На первом дыхании (сборник)

На первом дыхании

Глава 1

Если брать эпиграф, я наверняка знал бы, что очень в данном случае подходит и очень мне нравится: КОГДА ЛЕГКОВЕРЕН И МОЛОД Я БЫЛ. Вот именно. Эта строка.

Легковерен. Такое вот удивляющее слово — и чем дольше в него вдумываешься, тем на душе лучше.

* * *

Вокруг была степь. Полынь, и цвет этой полыни если не совсем белый, то белесый. А посередке этой сплошной белесости, как в молоке, плавало десятка полтора крохотных наших домишек. Полтора десятка домишек — не больше. И вот там я работал.

Мне было двадцать пять, и ни цыкать, ни шуметь на меня было нельзя; противопоказано. И потому, едва лишь Громышев начал шуметь, стало ясно, что я сбегу — именно сегодня сбегу.

— А ну не ори на меня!

Я мог бы, конечно, сказать Громышеву: «Не орите». Все-таки начальник.

— Не ори на меня!

— Никуда ты не уедешь, — отчеканил Громышев.

— Да ну?

— Не уедешь!

Так и сказал.
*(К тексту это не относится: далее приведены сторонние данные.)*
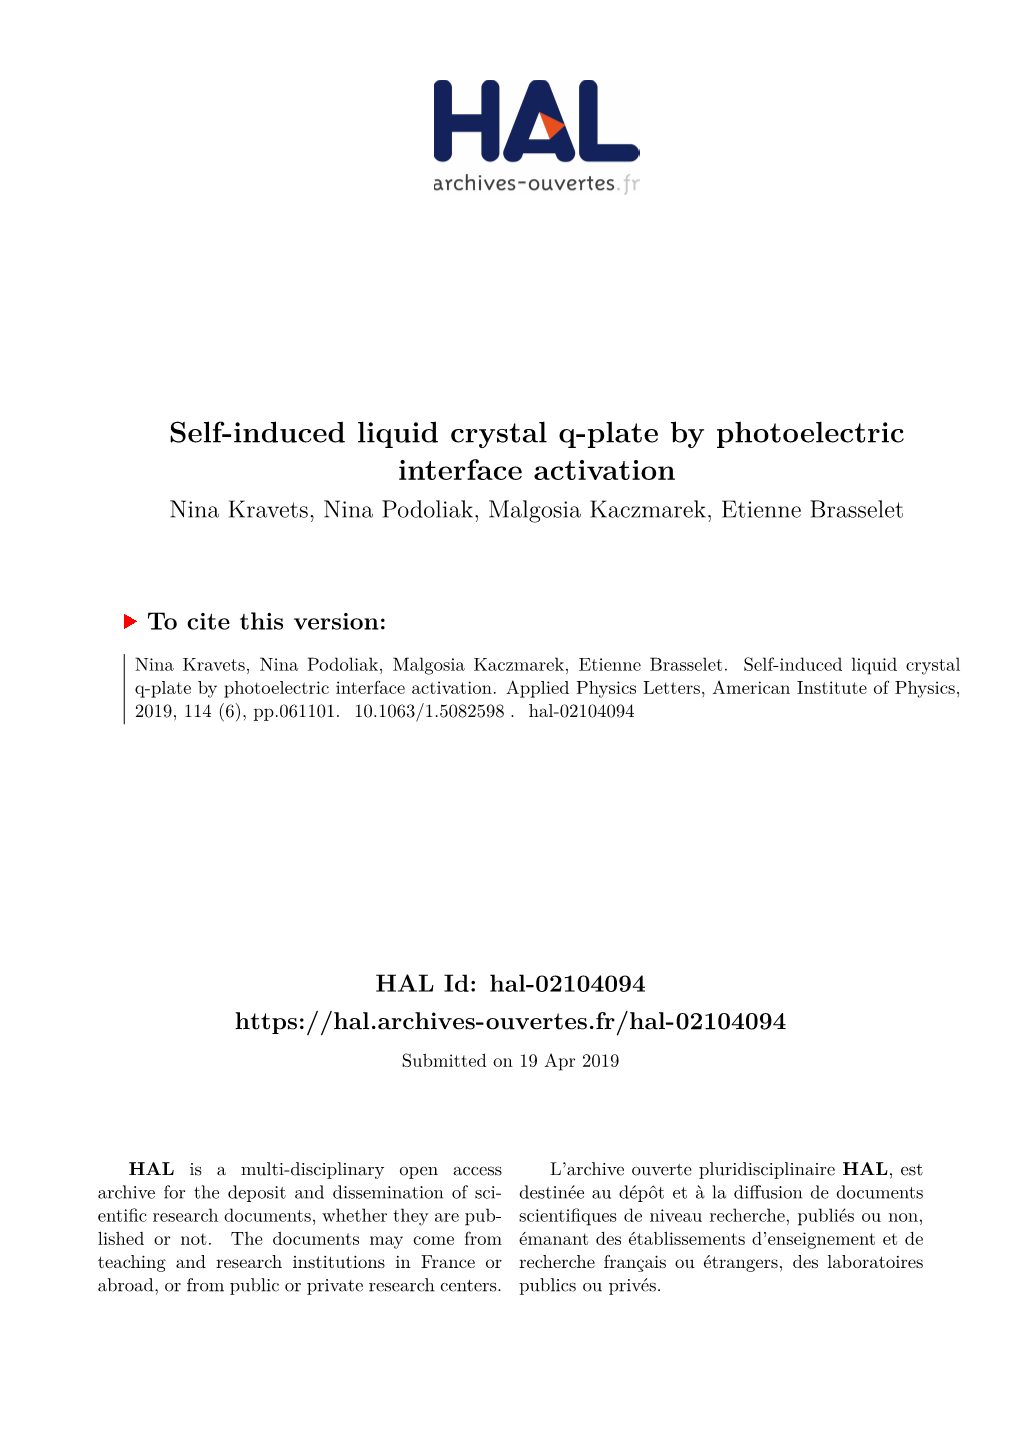 Self-Induced Liquid Crystal Q-Plate by Photoelectric Interface Activation Nina Kravets, Nina Podoliak, Malgosia Kaczmarek, Etienne Brasselet

Это ж было просто смешно. Потеха.

— Да ну? — Я засмеялся. — Не уеду?.. Буду в романтику играть? А невеста моя в романтике плохо разбирается — взяла и замуж выскочила.

— Я тут ни при чем.

— Вы мне пели о трудной судьбе, а она в это время замуж выскочила.

— Я тут ни при чем.

— Неужели? А я-то думал, подстроили.

Я уже вышел из себя: я вцепился ему в пиджак и стал трясти, но Громышев раза в два тяжелее меня, как-никак начальник, поэтому с него только пуговицы сыпались. И какие-то карандаши из карманов. Картинка, должно быть, была что надо.

— Не уеду? — тряс и спрашивал его я. — Не уеду? — И опять тряс. Туда-сюда. — Не уеду?

Примчались Колька Жилкин и еще один — тоже из наших, тоже свой. Втроем они справились — зашвырнули меня в наше угловое помещение. И Громышев, весь бурый и без единой пуговицы на пиджаке, подытожил — сказал, что я буду сидеть тут взаперти, пока не остыну и не смирюсь. Смирюсь, он именно так и сказал. Опять он выбрал не те слова.

Глаза мои привыкали. В общем, большая честь. Угловое помещение, в котором меня заперли, было не какой-то там конурой, а состояло из двух комнат. И еще туалет. Можно было даже гордиться: это был отдел, где хранились наиболее ценные детали и приборы. Ну и всякие документы. Что-то вроде архива. А на окнах были решетки.

* * *

И вот я стоял у блокированных окон с решетками. И смотрел. Что было делать?.. Чад погорелого места тянул даже сюда, в закрытое помещение. Проникал, видимо, в щели. День назад случился пожар, и я понимал, что Громышев нервничает.

Я смотрел. Люди там медленно и тихо копошились — растаскивали крестовины. Они стояли по пояс в курящихся голубых дымках. А я этот сладковатый степной дымок вдыхал через щели. Остатки сладки. Пожар, слава богу, вчера начался, вчера и кончился. Грузовая тянула сохранившуюся распорку. Невесть какое, а добро. Машина гудела и тужилась, и казалось, у нее тоже тряслись колени, как тряслись они у меня после всей этой стычки.

— Давай, Петюня, — кричали шоферу, — давай, милый!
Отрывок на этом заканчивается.